What you should do - Write out, word for word, only the lines from the one with "Les gens assis" to the end of the data below.

++++++

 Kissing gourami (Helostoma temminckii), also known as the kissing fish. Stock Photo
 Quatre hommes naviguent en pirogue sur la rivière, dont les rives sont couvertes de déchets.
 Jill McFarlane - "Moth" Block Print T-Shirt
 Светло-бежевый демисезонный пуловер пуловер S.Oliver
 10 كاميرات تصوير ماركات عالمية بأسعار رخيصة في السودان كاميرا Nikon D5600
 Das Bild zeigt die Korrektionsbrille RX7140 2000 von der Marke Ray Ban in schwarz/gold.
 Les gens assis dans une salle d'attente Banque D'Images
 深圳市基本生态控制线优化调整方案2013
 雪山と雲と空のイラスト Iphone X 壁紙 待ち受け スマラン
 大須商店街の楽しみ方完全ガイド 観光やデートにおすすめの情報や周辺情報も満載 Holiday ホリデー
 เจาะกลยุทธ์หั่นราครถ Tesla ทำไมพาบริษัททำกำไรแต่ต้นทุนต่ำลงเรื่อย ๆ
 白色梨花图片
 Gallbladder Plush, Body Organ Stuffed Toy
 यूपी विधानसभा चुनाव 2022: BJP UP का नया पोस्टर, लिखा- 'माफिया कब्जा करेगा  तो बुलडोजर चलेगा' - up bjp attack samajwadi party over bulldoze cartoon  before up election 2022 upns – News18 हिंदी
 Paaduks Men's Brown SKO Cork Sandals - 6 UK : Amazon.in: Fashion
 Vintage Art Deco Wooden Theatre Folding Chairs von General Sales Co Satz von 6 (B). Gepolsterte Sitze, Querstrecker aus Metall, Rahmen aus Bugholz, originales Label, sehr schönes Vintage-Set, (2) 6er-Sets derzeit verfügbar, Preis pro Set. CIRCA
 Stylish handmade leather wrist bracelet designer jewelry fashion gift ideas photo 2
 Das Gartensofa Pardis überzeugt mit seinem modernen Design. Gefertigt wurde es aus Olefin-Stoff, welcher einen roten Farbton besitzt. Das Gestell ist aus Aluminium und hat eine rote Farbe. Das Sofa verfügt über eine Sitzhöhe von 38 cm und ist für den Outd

++++++

Written reply -
 Les gens assis dans une salle d'attente Banque D'Images
 深圳市基本生态控制线优化调整方案2013
 雪山と雲と空のイラスト Iphone X 壁紙 待ち受け スマラン
 大須商店街の楽しみ方完全ガイド 観光やデートにおすすめの情報や周辺情報も満載 Holiday ホリデー
 เจาะกลยุทธ์หั่นราครถ Tesla ทำไมพาบริษัททำกำไรแต่ต้นทุนต่ำลงเรื่อย ๆ
 白色梨花图片
 Gallbladder Plush, Body Organ Stuffed Toy
 यूपी विधानसभा चुनाव 2022: BJP UP का नया पोस्टर, लिखा- 'माफिया कब्जा करेगा  तो बुलडोजर चलेगा' - up bjp attack samajwadi party over bulldoze cartoon  before up election 2022 upns – News18 हिंदी
 Paaduks Men's Brown SKO Cork Sandals - 6 UK : Amazon.in: Fashion
 Vintage Art Deco Wooden Theatre Folding Chairs von General Sales Co Satz von 6 (B). Gepolsterte Sitze, Querstrecker aus Metall, Rahmen aus Bugholz, originales Label, sehr schönes Vintage-Set, (2) 6er-Sets derzeit verfügbar, Preis pro Set. CIRCA
 Stylish handmade leather wrist bracelet designer jewelry fashion gift ideas photo 2
 Das Gartensofa Pardis überzeugt mit seinem modernen Design. Gefertigt wurde es aus Olefin-Stoff, welcher einen roten Farbton besitzt. Das Gestell ist aus Aluminium und hat eine rote Farbe. Das Sofa verfügt über eine Sitzhöhe von 38 cm und ist für den Outd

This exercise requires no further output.